The clinical spectrum of talaromycosis ranges from isolated cutaneous infection to disseminated infection. Cutaneous talaromycosis commonly presents as multiple dome-shaped, skin-coloured, umbilicated papules, with or without central necrosis on the face and trunk.⁷ Dermoscopic appearances may aid in early diagnosis.⁸ T. marneffei can be detected from the cutaneous lesion by cytology smear, skin biopsy or culture. Concurrent opportunistic infection such as candidiasis, tuberculosis, toxoplasmosis or Pneumocystis jirovecii infection was reported in up to 40% of cases.⁷ These other infections may also present with cutaneous lesions. Laboratory detection of the causative organism is therefore important for the correct diagnosis.

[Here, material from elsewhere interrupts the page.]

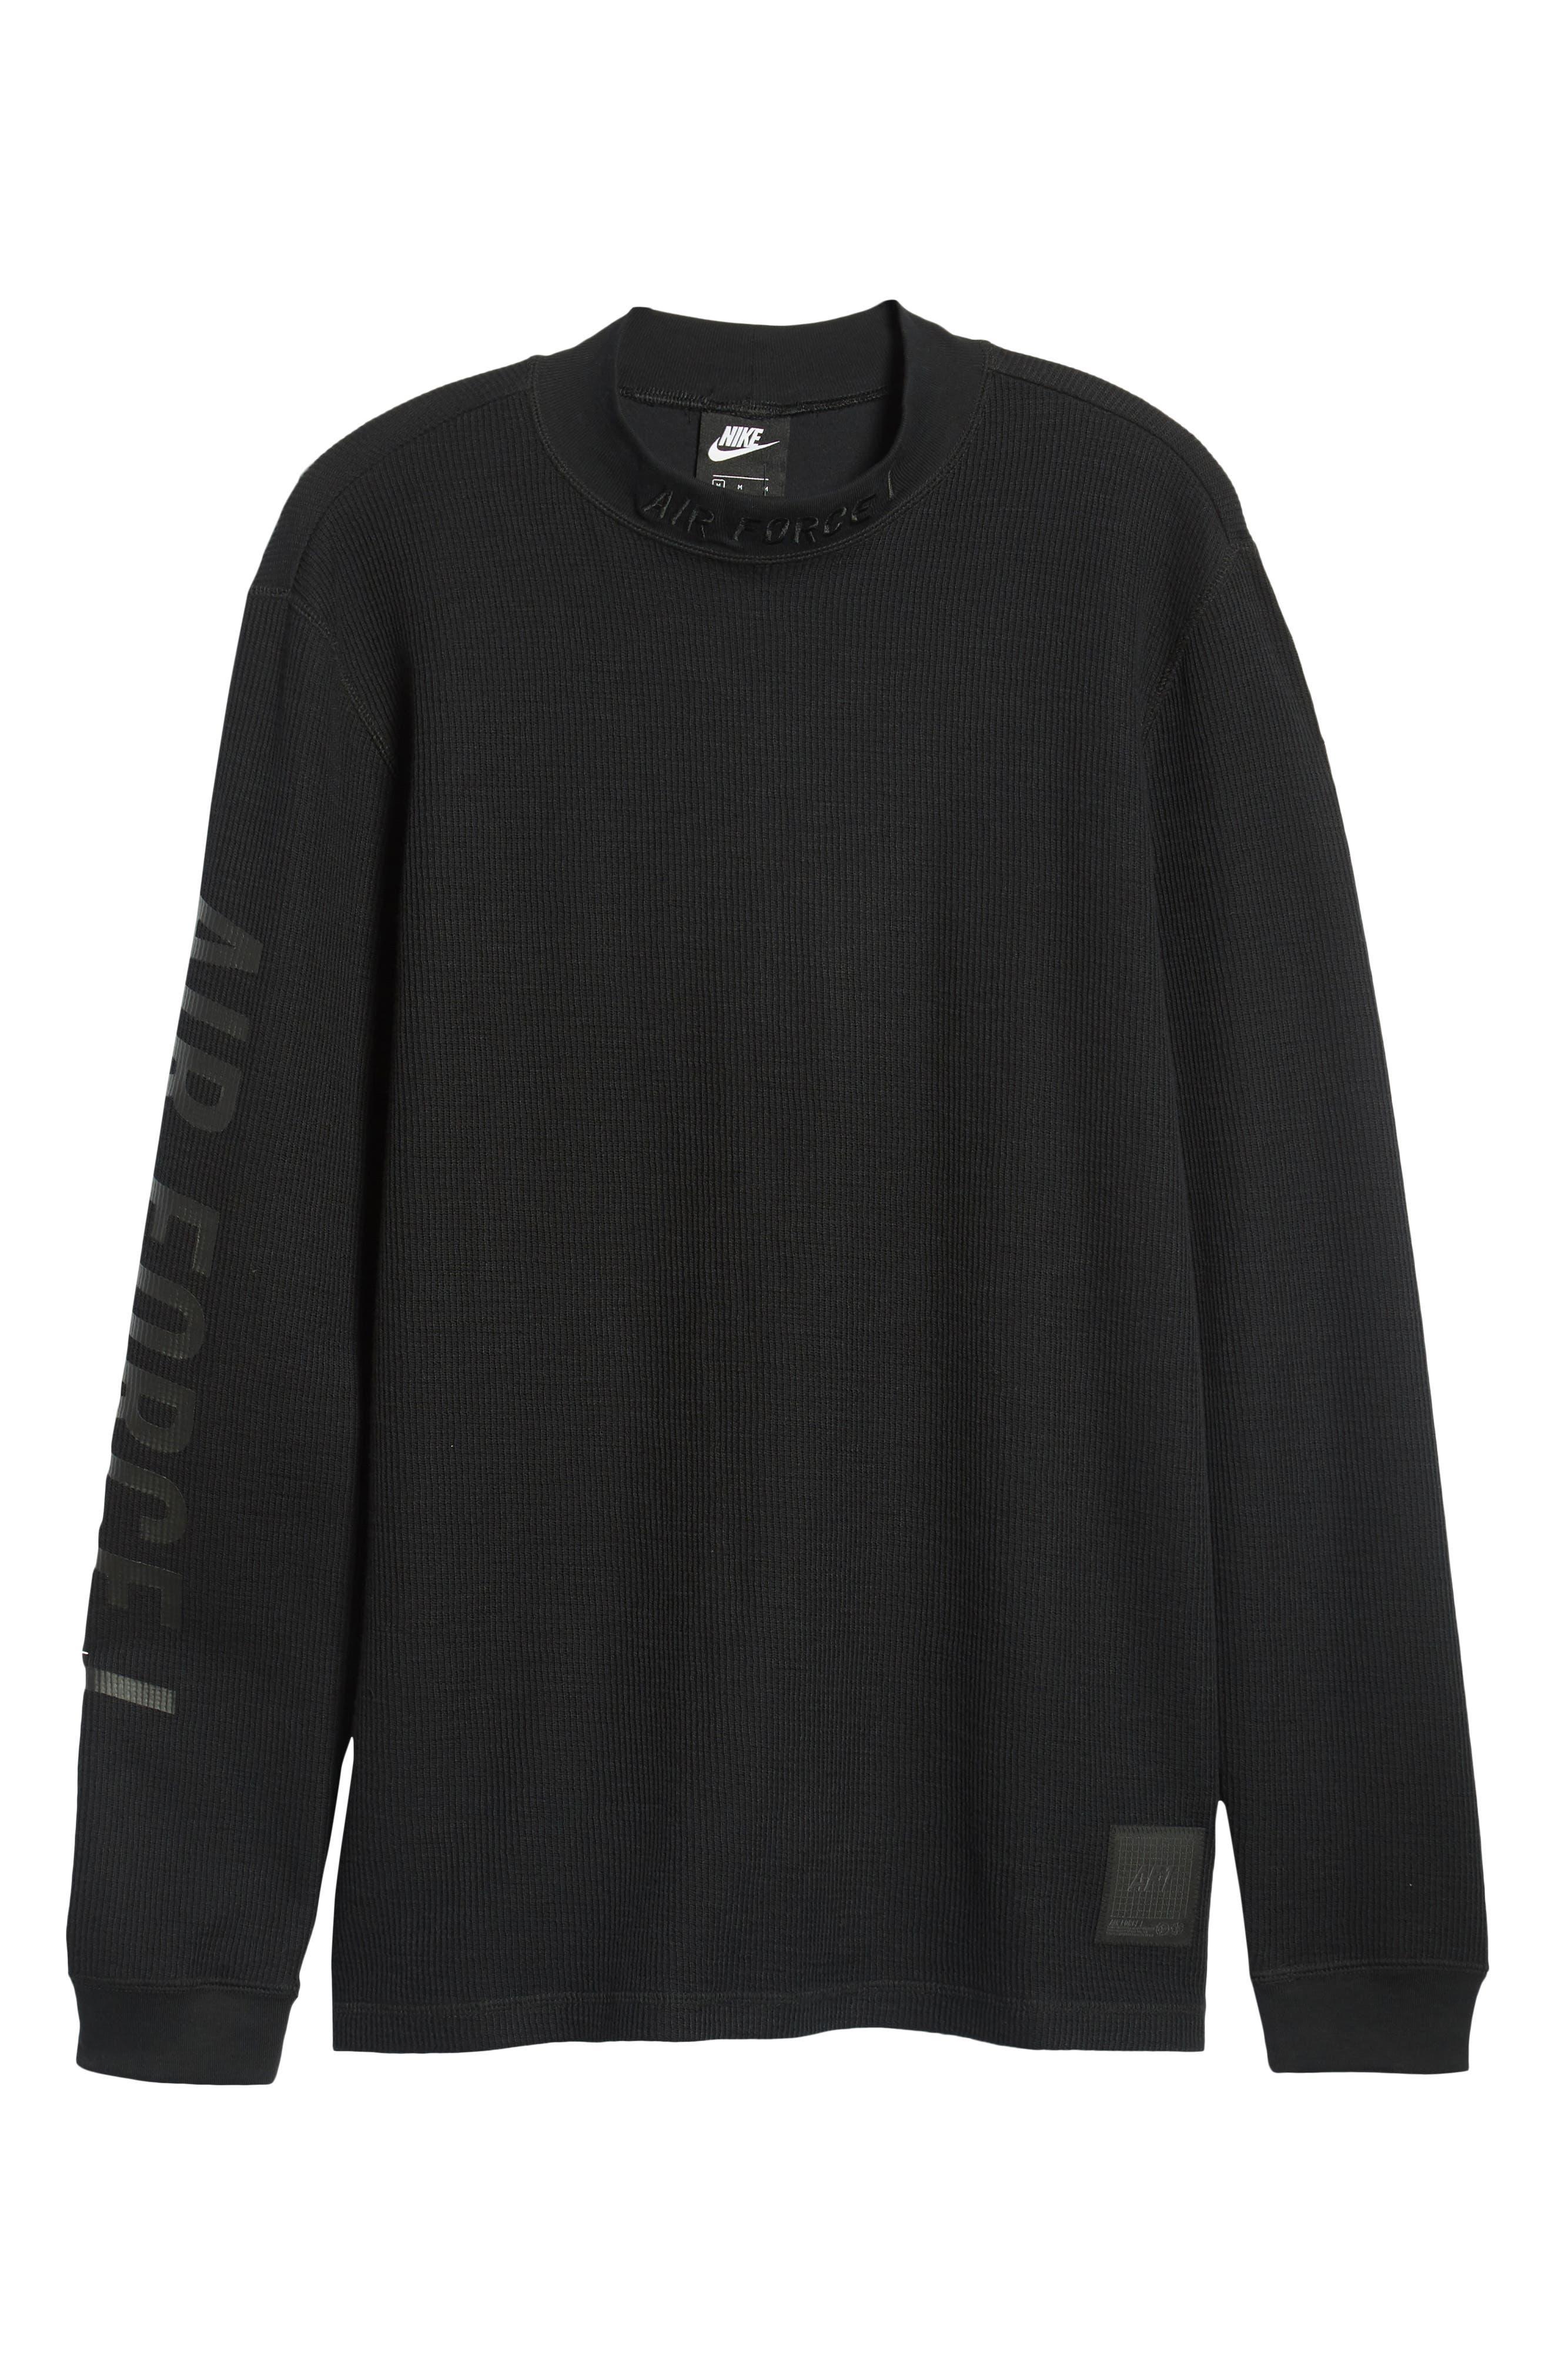 Sportswear Air Force 1 Long Sleeve Top,                             Alternate thumbnail 6, color,                             BLACK

Laboratory diagnosis of talaromycosis requires isolation of the fungus from clinical specimens and microscopic demonstration of intracellular T. marneffei organism in the infected tissue.³ The organism can be demonstrated by cytology or in the histology specimen. Commonly, cytology smears are taken from skin lesions, ulcer secretions, pus or marrow aspirations.⁵ Microscopically, T. marneffei appears as a unicellular, round to oval, often curved or sausage-like organism, ranging from two to five μm in diameter. The yeast cells are located both inside and outside of the histiocytes. T. marneffei yeast characteristically divide by cross wall formation, as it multiplies by fission rather than budding.^3,5 The histopathology of the skin lesion frequently shows microabscesses in the upper and middle dermis, with necrotic areas containing many lymphocytes and neutrophils. The characteristic yeasts are frequently found in large numbers, both intracellular and extracellular. Periodic acid-Schiff stain (PAS) and Gomori methenamine silver stain (GMS) are positive and highlight the cross-wall formation.⁵

The most important differential diagnoses of talaromycosis are histoplasmosis and leishmaniasis, as they are intracytoplasmic organisms of similar size. Histoplasma capsulatum yeast cells are oval, measuring two to five μm in diameter, and predominantly found within the cytoplasm of histiocytes, rather than in the extracellular space. In Tzanck smear with Giemsa stain, H. capsulatum shows characteristic narrow based budding and blue cell wall, with clear halo around the yeast cells,thus differentiating it from talaromycosis.² The leishmaniasis amastigotes are oval cells measuring two to five μm with an eccentric nucleus, present inside and outside of histiocytes. A small kinetoplast near the nucleus and the presence of the promastigote form distinguishes it from talaromycosis.^2,9

Fungal culture is the gold standard method for the diagnosis of talaromycosis. One study reported high sensitivity of cultures from bone marrow aspiration (100%), skin biopsy (95%) and blood (84%).¹⁰ The ability to grow as a mycelium at 25°C and as a yeast at 37°C is the unique thermal dimorphism feature of T. marneffei.³ However, the median time of positive skin or blood cultures was four to five days. The culture may take up to 14 days and this results in diagnostic delay, with increased mortality.¹⁰ In contrast, Tzanck smear test is faster and readily available within hours.

Conclusion

Talaromyces marneffei displays characteristic microscopic appearance in Tzanck smear. Tzanck smear is an easy and inexpensive test. It can be very useful in rapid diagnosis of cutaneous talaromycosis before the culture is reported.